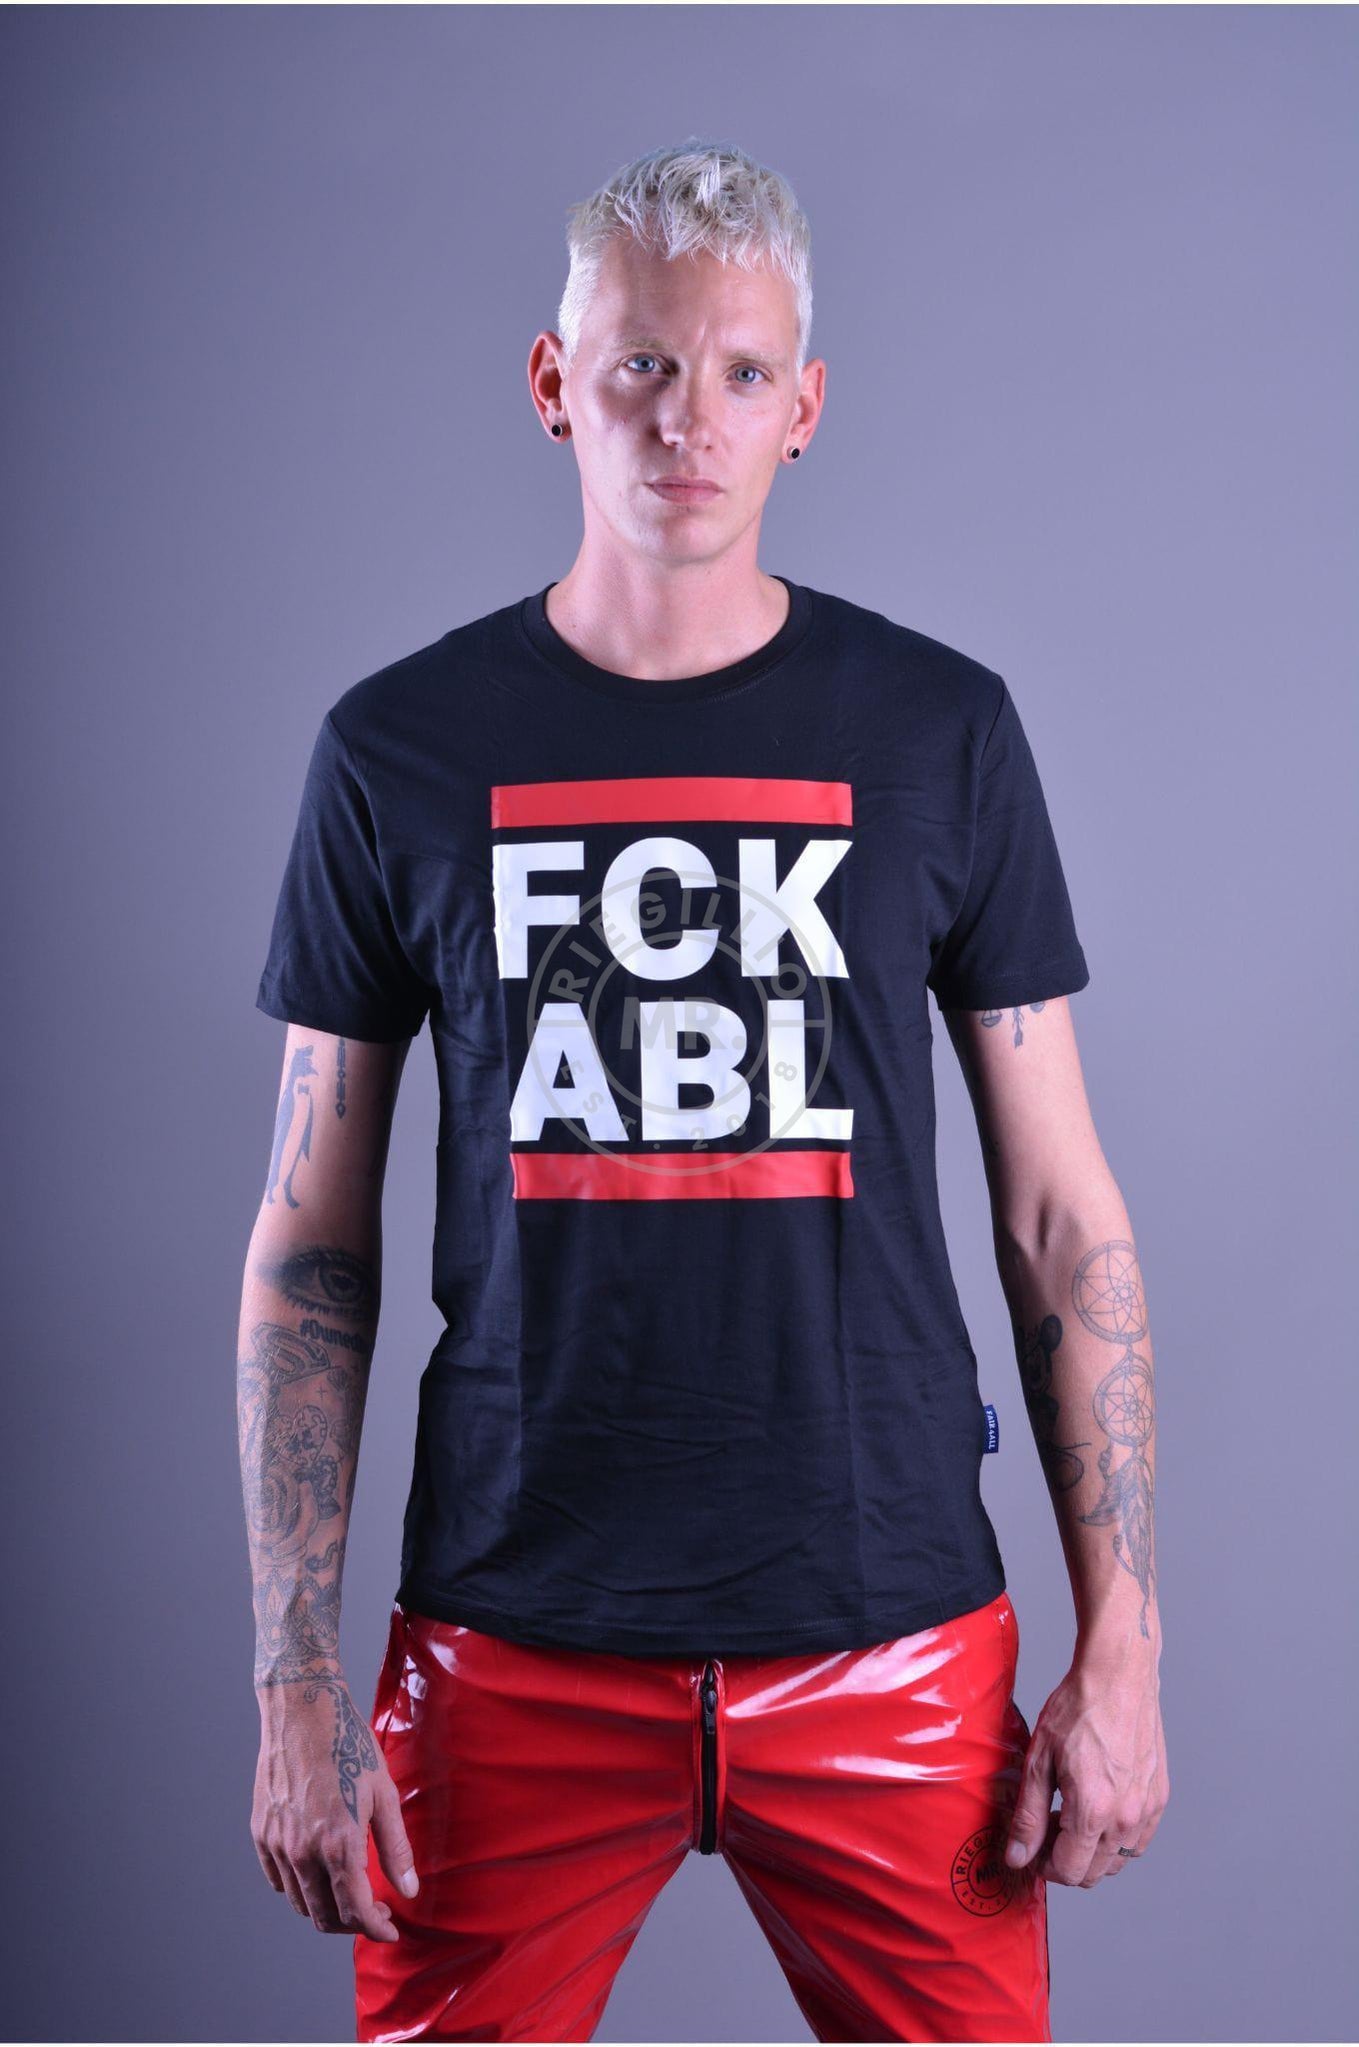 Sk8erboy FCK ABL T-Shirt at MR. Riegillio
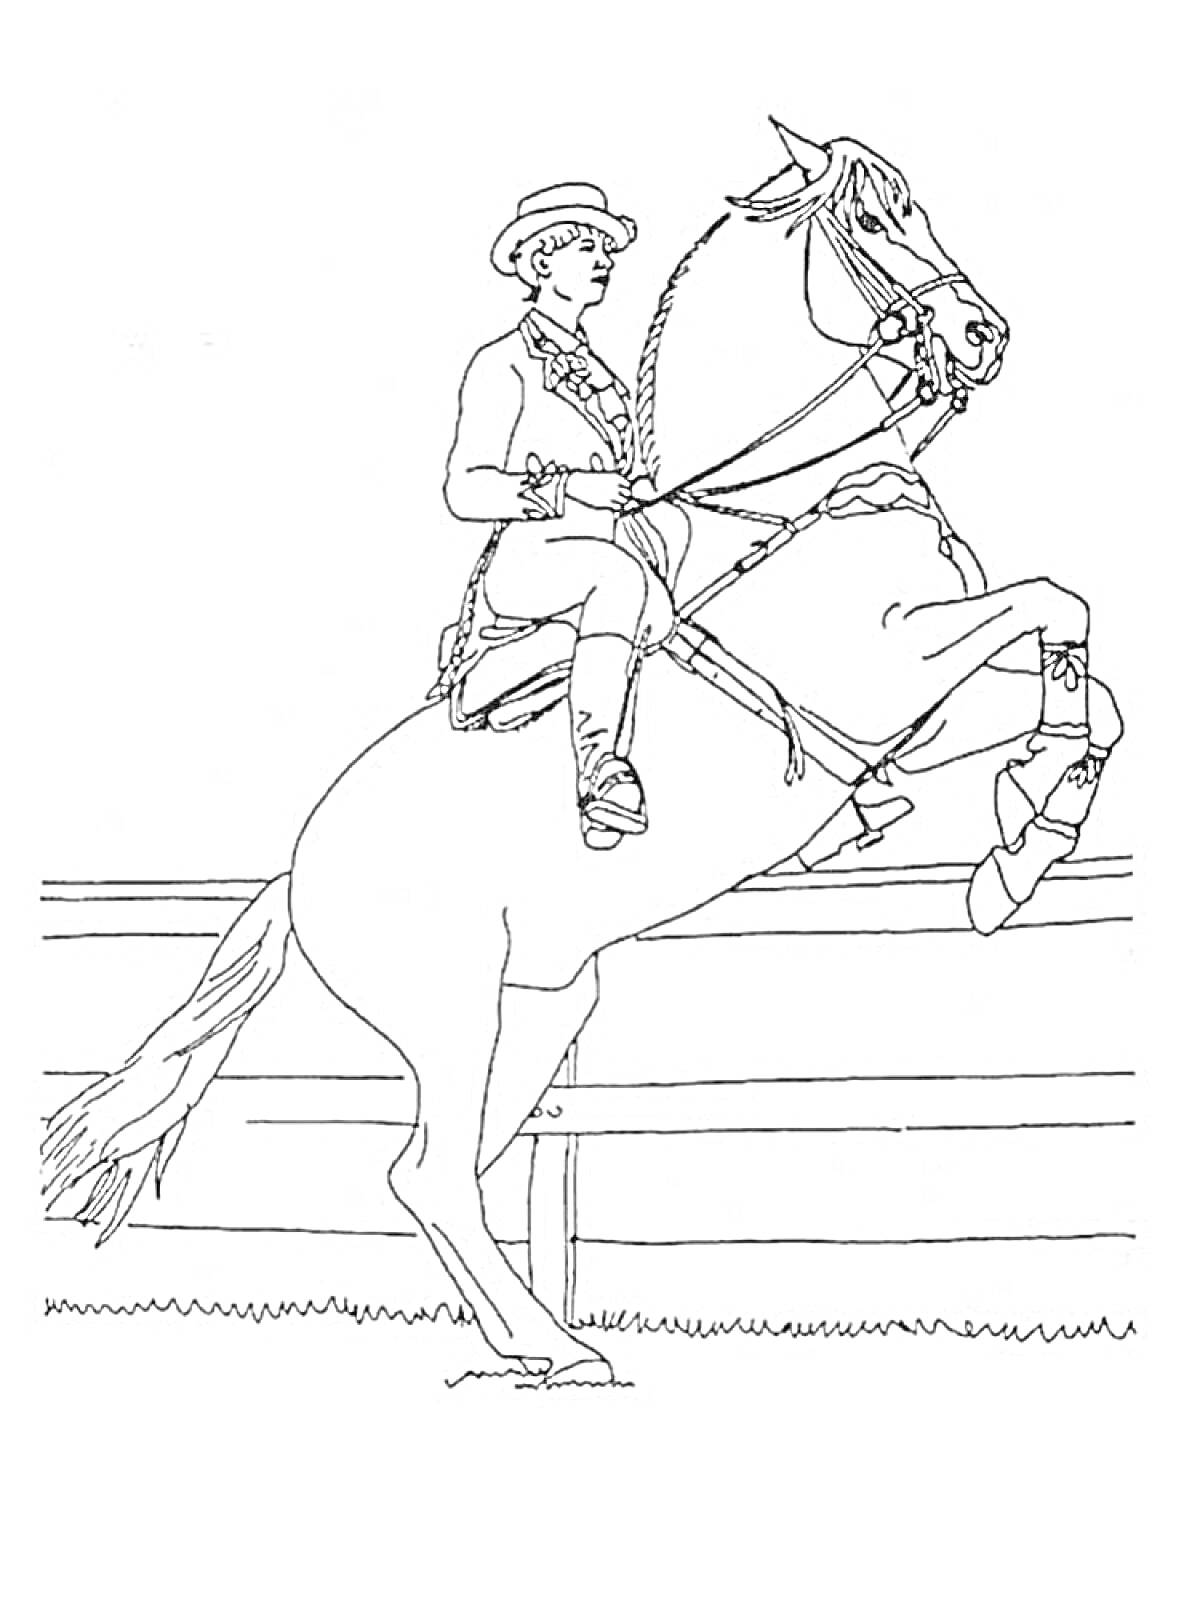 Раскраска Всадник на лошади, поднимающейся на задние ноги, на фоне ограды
⁂
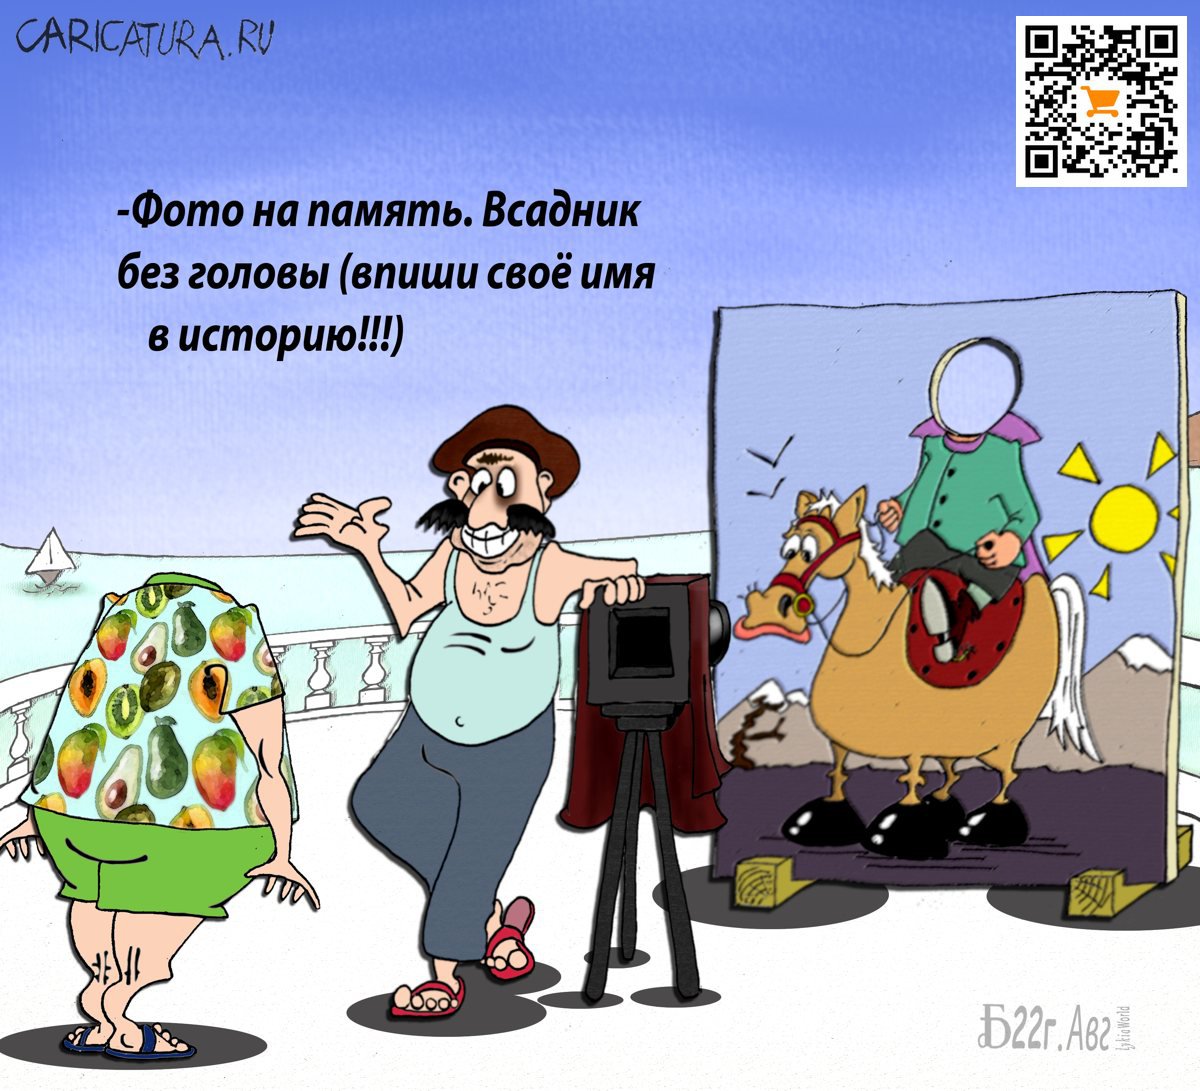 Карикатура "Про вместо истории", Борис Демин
⁂
TO DO
All that is wanted is the lines above between the one containing "Sk8erboy FCK ABL T-Shirt at MR. Riegillio" and the one containing "Раскраска Всадник на", inclusive, restated word for word, with pictures omitted.

ANSWER BOX
 Sk8erboy FCK ABL T-Shirt at MR. Riegillio
 Раскраска Всадник на лошади, поднимающейся на задние ноги, на фоне ограды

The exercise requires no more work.